It’s great to see the face and name of Sammo Hung back on billboards across Hong Kong, as Fatal Move, the new gangster thriller from director Dennis Law, reigns at the top of the local box office. Law’s new feature is waaay darker than his Fatal Contact, currently a bestseller on Dragon Dynasty, but its final reel features a match up that fight fans have been waiting for since Killzone: Sammo VS Wu Jing. These two titans appeared together in the film formerly known as SPL and also in Twins Mission, but have never before traded fists and feet of fury. I was delighted to attend the premiere of Fatal Move with my good buddy, American actor/director Marcus Aurelius, and to introduce him to Sammo, who is both his idol and mine.

I first met Sammo on the set of his martial arts masterpiece Prodigal Son. I was 19 year old, Bruce Lee obsessed kid from Peterborough, England, and all I knew about Sammo was that he was the opponent in the opening duel of Enter The Dragon. When I first saw him on the Golden Harvest soundstage, he was in costume and make-up for Prodigal Son, and I actually thought he was a much older man. (Hung actually aged slowly and quite differently, and, 27 years later, still doesn’t look as old as his character in Prodigal Son.) With the late, great screenwriter Barry Wong translating, I badgered Sammo with questions about Lee, which he answered with good natured patience. It was only after I returned to London, and caught Prodigal Son at a midnight show, that I became an instant convert to the clan of Hung fans.

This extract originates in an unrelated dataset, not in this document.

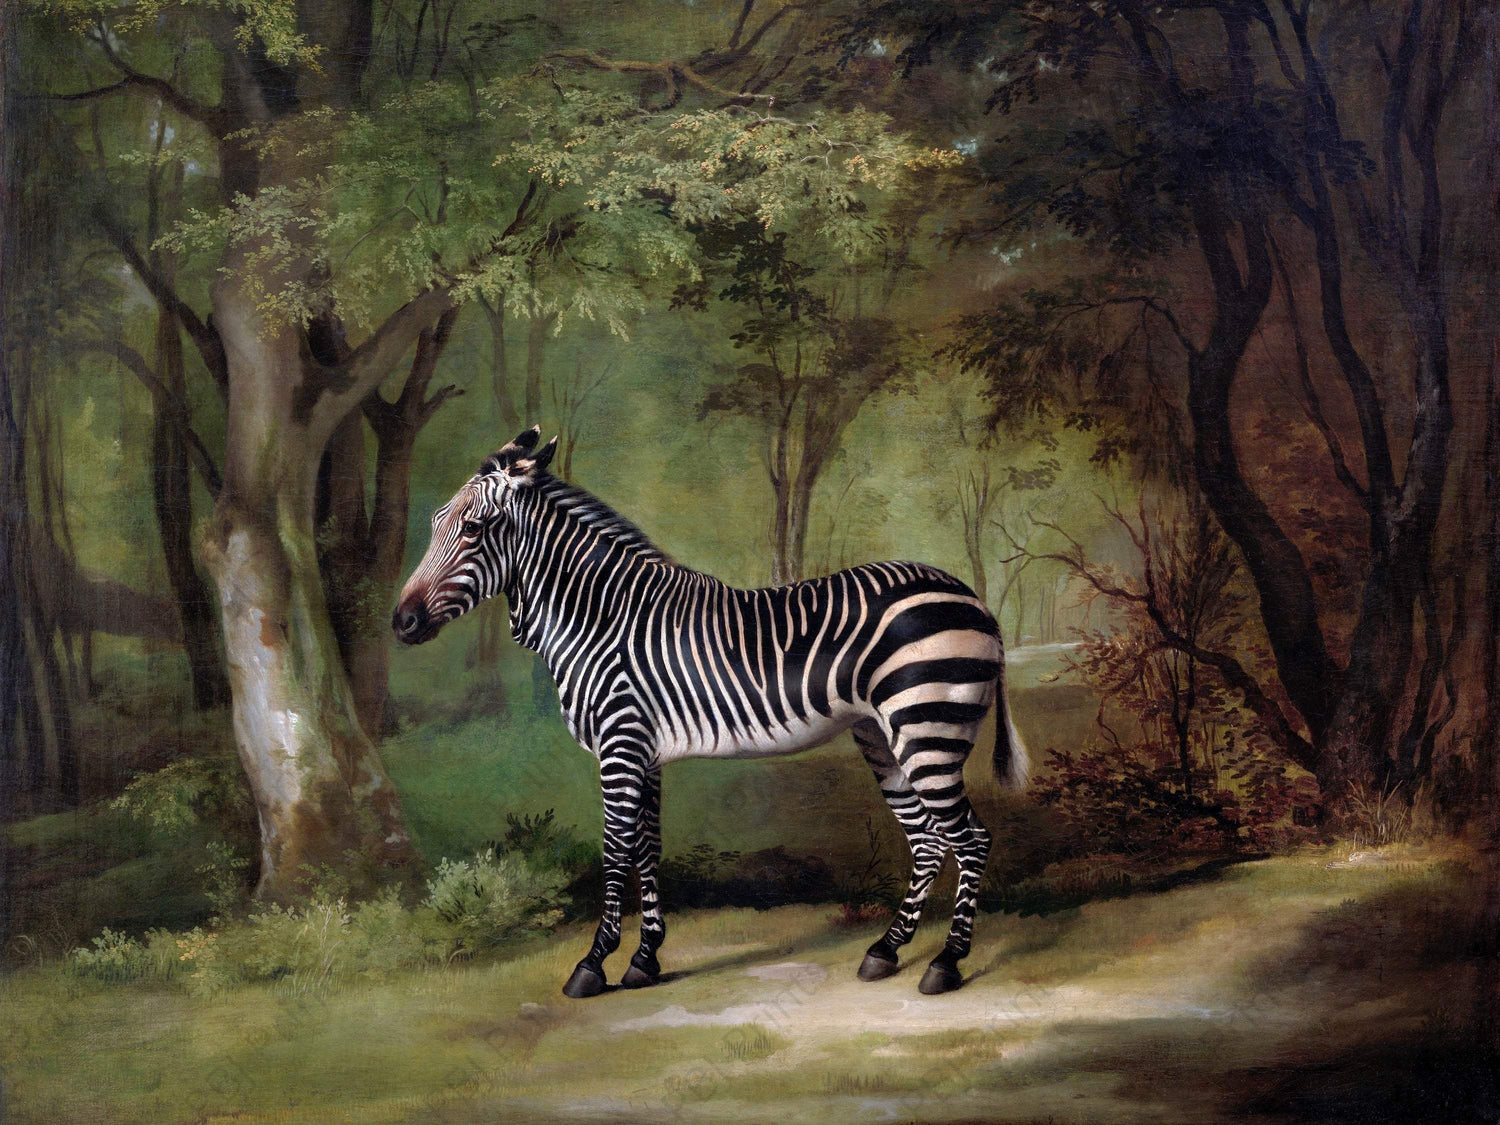 Zebra in the Wild - Artist by Renewed Spirit Home - Art Prints, Decoupage Rice Paper, Flat Canvas Prints, Giclee Prints, Photo Prints, Poster Prints, Scrapbook Paper

In terms of taking Hong Kong film fight choreography to a new level, Hung, along with Shaw Bros legend Lau Kar-leung, was one of the true successors of Bruce Lee. Their triumph came from their not emulating Lee’s style, but instead his energy and creativity. As choreographer, director, producer and star, Sammo’s contribution to martial arts cinema can’t be underestimated.

In more recent years, I’ve had the pleasure of working with Sammo on the films The Medallion and Dragon Heat. When I meet the big man’s fans (I call them The Hung Jury), they usually ask me one of three questions:

1)How did he get that scar between his nose and his mouth?

I can exclusively reveal that Sammo’s trademark facial characteristic was caused when he was engaged in a street fight outside a nightclub in Kowloon’s Tsim Sha Tsui East. He was battling a band of thugs alongside Shaw Bros regular Tong Yim-chaan (aka Bruce Tong), and figured Tong had his back. However, one of their foes smashed off the neck of a Coke bottle, and managed to swing it into Sammo’s face from behind him. If you look at the scar closely, it’s a perfect circle, the exact dimensions of a truncated Coca-Cola bottle. The Real Thing must have caused a real sting…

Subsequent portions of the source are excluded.